Runtime Dispatch Semantics
Source:vignettes/runtime-dispatch-semantics.Rmd
runtime-dispatch-semantics.RmdRsimdDispatch uses a single R shared library. All
compiled variants are linked into that shared object, and the active
dispatch table stores the resolved backend for each operation slot.
This means backend switching is safe in one R process:
library(RsimdDispatch)
x <- as.raw(c(0, 1, 2, 3))
a <- c(1, 2, 3)
b <- c(10, 100)
simd_set_backend("scalar")
count_nonzero(x)
#> [1] 3
convolve1d(a, b)
#> [1] 10 120 230 300
candidate <- setdiff(simd_info()$operation_backends$convolve1d, "scalar")[1]
if (!is.na(candidate)) {
simd_set_backend(candidate)
count_nonzero(x)
convolve1d(a, b)
}
#> [1] 10 120 230 300
simd_set_backend("auto")
simd_backend()
#> [1] "avx2"simd_set_backend() performs two checks for explicit
choices:
- the backend was compiled into this package build;
- the current CPU/runtime supports the backend, including OS support for AVX and AVX-512 register state on x86 and module-level SIMD128 support on WebAssembly.
If a backend is not available, the setter errors before any SIMD-only
instruction can execute. Backend files register only the operation slots
they implement, so a backend may deliberately omit an operation.
Explicitly selecting such a backend is allowed, but calling an
unsupported operation errors clearly. With "auto", each
operation resolves independently to the best available backend that
registered that operation.

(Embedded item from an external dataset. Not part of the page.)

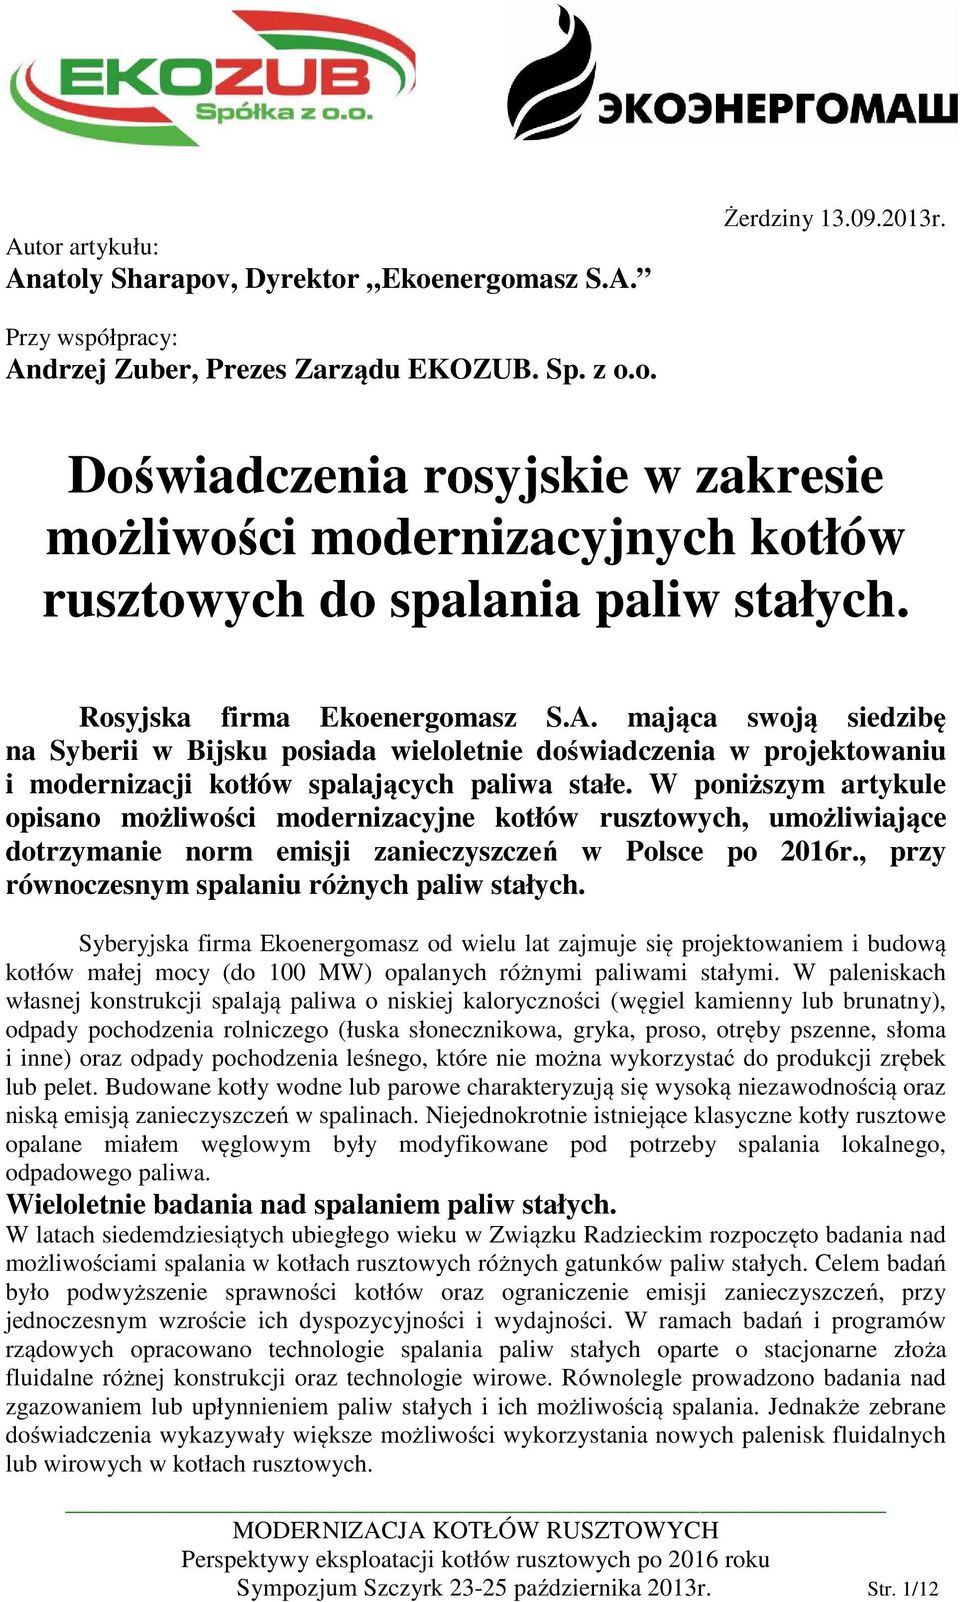 W poniższym artykule opisano możliwości modernizacyjne kotłów rusztowych, umożliwiające dotrzymanie norm emisji zanieczyszczeń w Polsce po 2016r., przy równoczesnym spalaniu różnych paliw stałych.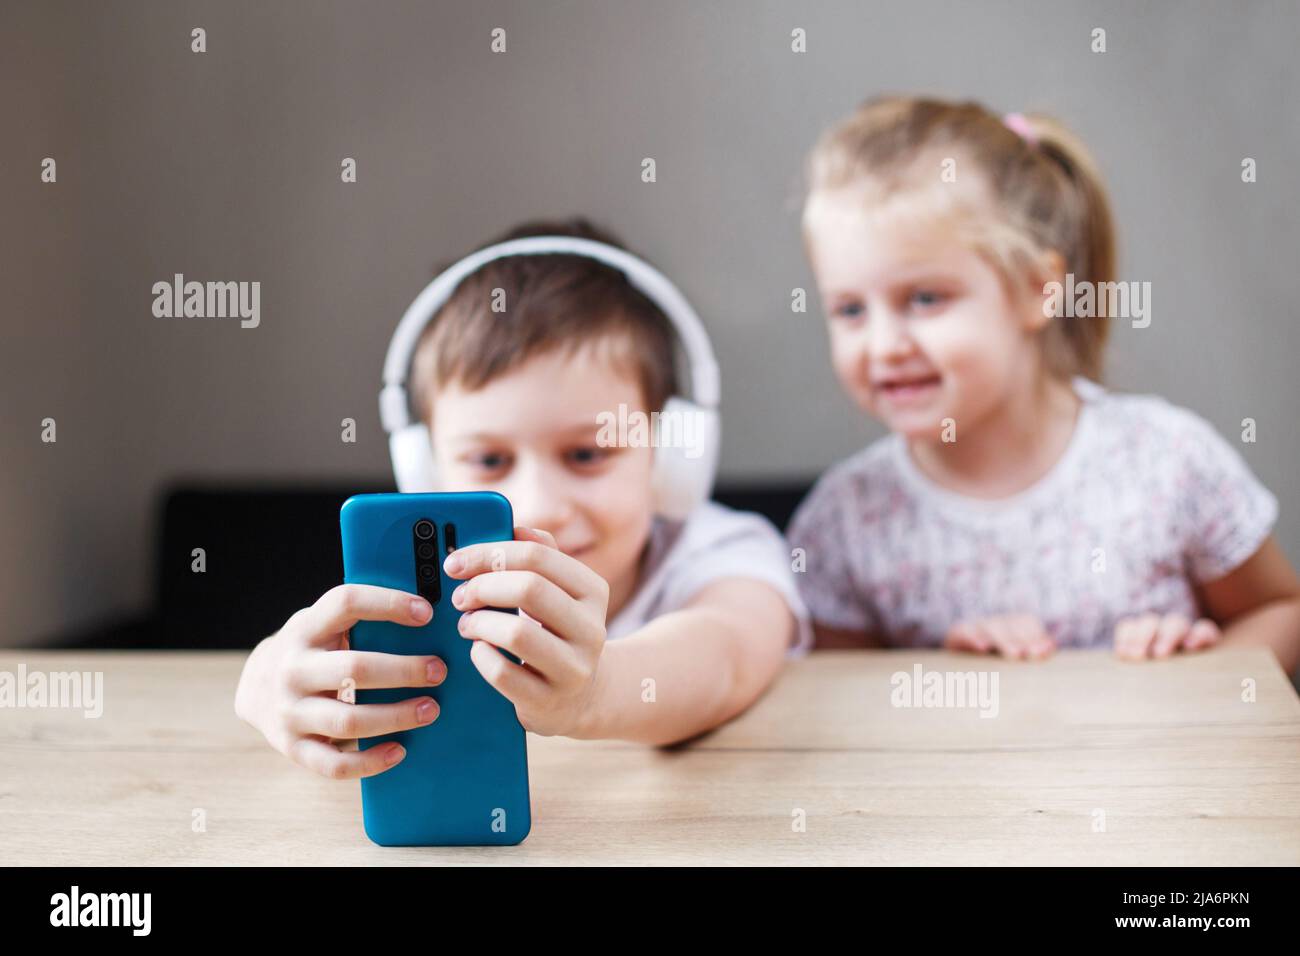 due bambini che giocano sullo smartphone con le cuffie. persone, bambini e tecnologia concetto - bambini con il cellulare prendere selfie o avere videochiamata a Foto Stock

The summary selected_backend is
a single backend when all resolved slots agree and "mixed"
when different operations resolve to different backends.
Backend selection is process-global: initialize or change it from
ordinary R code, and do not call simd_set_backend()
concurrently with active native worker threads that are executing
dispatched kernels.
simd_info()[c("compiled_backends", "cpu_supported_backends", "available_backends", "operation_backends", "operation_selected_backends")]
#> $compiled_backends
#> [1] "scalar" "sse2" "sse41" "avx2" "avx512"
#>
#> $cpu_supported_backends
#> [1] "scalar" "sse2" "sse41" "avx2"
#>
#> $available_backends
#> [1] "scalar" "sse2" "sse41" "avx2"
#>
#> $operation_backends
#> $operation_backends$count_nonzero
#> [1] "scalar" "sse2" "sse41" "avx2"
#>
#> $operation_backends$convolve1d
#> [1] "scalar" "avx2"
#>
#>
#> $operation_selected_backends
#> count_nonzero convolve1d
#> "avx2" "avx2"SIMDe and native ISA compilation
The SIMD source files use SIMDe types and functions, but the backend
names refer to native target-specific staged kernel objects. During
configuration, each optional backend is accepted only if the compiler
flag and SIMDe header together define the expected native SIMDe macro.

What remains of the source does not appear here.